Super eye candy for pigeon lovers .. took these today at the Pageant Of Pigeons .. enjoy!

2009 LAPC Pageant Of Pigeons

Terry


----------



## Mindy (Apr 2, 2009)

LOVED the pictures, I have a couple questions. The last 3 pictures. Are those colors put on by the owners or are they born that way? Is that a stupid question? All of them are really pretty. I really love the tortoise shell bird. There is NO way I could be the judge because they all were great. min


----------



## pigeonmama (Jan 9, 2005)

Wow, Terry,
Thank you for giving us the opportunity to see these beautiful birds, some of them I've never even heard of.
Daryl


----------



## Skyeking (Jan 17, 2003)

Great pictures Terry, and I appreciate knowing what breed they are, thank you for displaying that!

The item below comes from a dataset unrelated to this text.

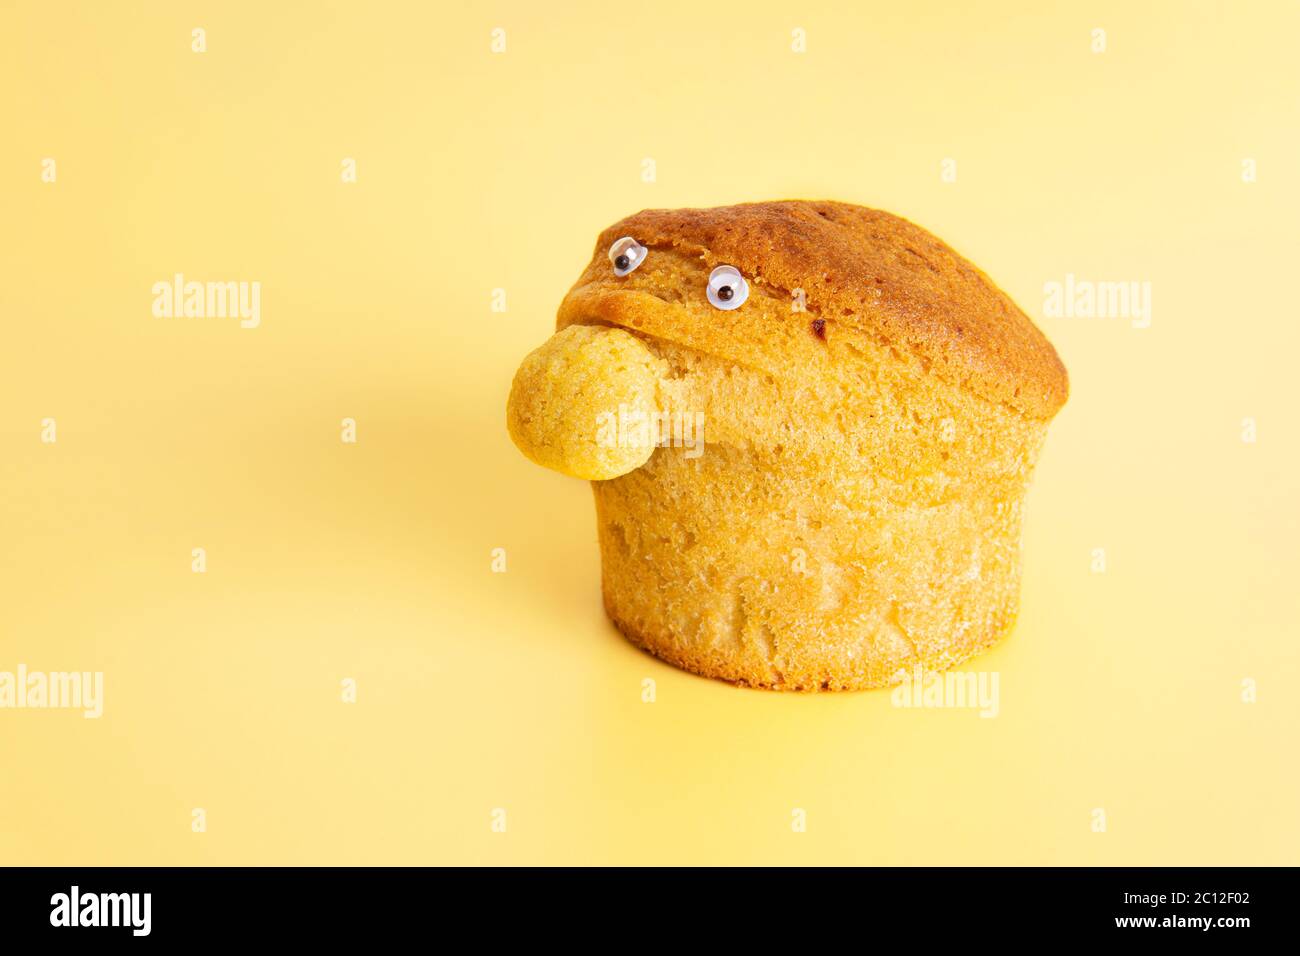 Muffin casera con una nariz grande y ojos pequeños sobre un fondo amarillo. Carácter divertido de la comida. Foto de stock

Some of them I had no idea what they were. 

Thanks for sharing!


----------



## Msfreebird (Sep 23, 2007)

Beautiful - Thank you for sharing!


----------



## maniac (Sep 27, 2009)

Most of them are gorgeous but some border on the freaky side. I often wonder what breeders are trying to achieve when the end product becomes non functional. Is it still a bird ?.


----------



## windyflat (Jul 19, 2007)

That barb is very nice for a red or yellow. You usually don't see wattles like that on any color other than dun or black. Awesome bird.


----------



## MaryOfExeter (Sep 30, 2007)

maniac said:


> Most of them are gorgeous but some border on the freaky side. I often wonder what breeders are trying to achieve when the end product becomes non functional. Is it still a bird ?.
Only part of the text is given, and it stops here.